Anyway, polymorphic variants still seem to do pretty well. Just not better by an absurd and outrageous margin :slight_smile:

2 Likes

Hmm. It’s probably some combination of branch prediction and CPU caching. Any time code accesses memory that the predictor has loaded into cache already is a win; fetching from ram is quite slow by comparison.

Sequential memory access or small blocks of localised access that fit within a cache line (arrays) are much faster on modern CPUs than theoretically better algorithms that access memory randomly (pointers and jump tables). Micro benchmarks are hard :sweat_smile:

Your new graph looks about right to me though, with roughly linear increase in performance vs size for the polymorphic variant.

1 Like

I don’t think this is a code (nor data) caching or sequential access issue, though.

The amount of code generated even for the 128-case matches should easily fit into any modern code cache, and this cache is quickly warmed over the time span each test is run (I’ve tried 1 to 10 seconds, so we are talking about tens of millions to billions of repetitions). Data caches are even larger, and the access pattern array fits in those quite easily.

Concerning sequential access, sequential access of the array that contains the access pattern (when not using the PRNG) is factored into the control. Sequential access of the code itself should be mainly a non-issue due to warm caches, but also it can’t explain good performance observed with a randomized array of variands (see last big paragraph of the PRNG reply). I didn’t include the graph for that, because it’s basically identical to the one in the original post – a big advantage for binary search.

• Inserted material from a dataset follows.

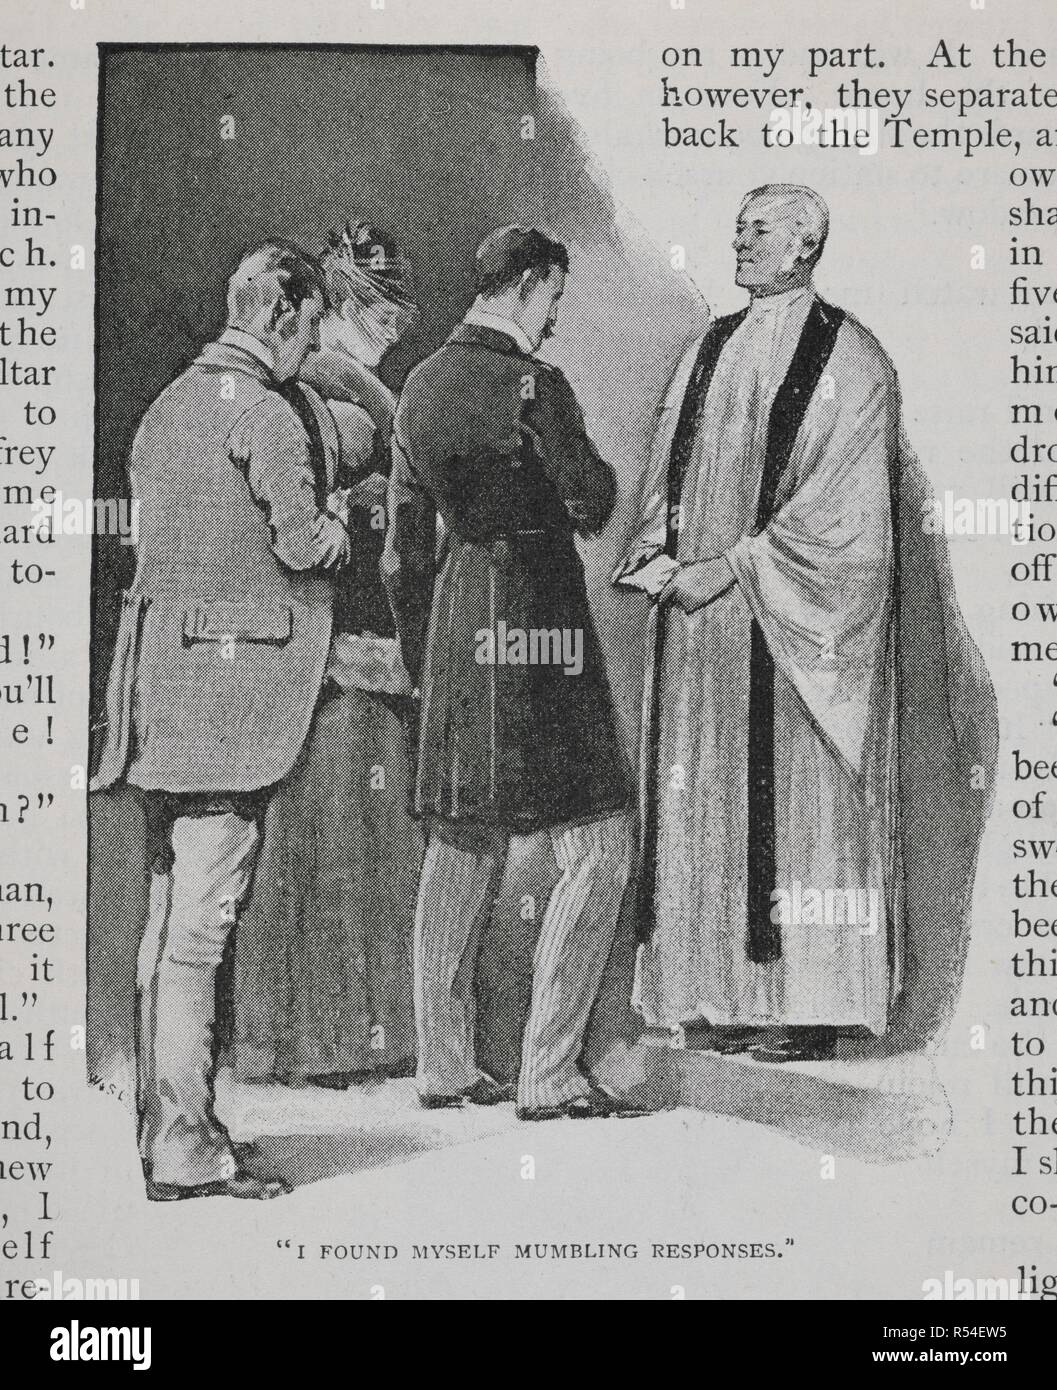 'I found myself mumbling respsonses.' Sherlock Holmes, at the wedding of Irene Adler and Godfrey Norton. Illustration for the story, 'a scandal in Bohemia.'. The Strand magazine : an illustrated monthly / edited by G. Newnes. London, 1891, July to December. Source: P.P.6004.glk, volume II. page 69. Author: DOYLE, ARTHUR CONAN. Stock Photo

I do agree that the second graph is more likely to reflect realistic scenarios, though. There is something “special” happening with choosing the variands from an array. I don’t know if it’s due to the amount of code taken to do it, or something else that my CPU is able to optimize. I don’t think it’s due to the sequence of variands or the number of them, though.

1 Like

This is all really interesting,

Still seems to me like we should be changing the compilation strategy for normal variants based on this (assuming more benchmarks show the same trend). If modern CPUs are so good with branch prediction - and it seems like they are - we should be using branches rather than dispatch arrays. Branch prediction will also presumably keep improving.

If it’s easy for me to clone these tests, I would like to run them on ARM.

1 Like

Should be easy: see the benchmark files in the linked gist. Let me know if something is missing.

Having trouble to get the compiler to work on ARM.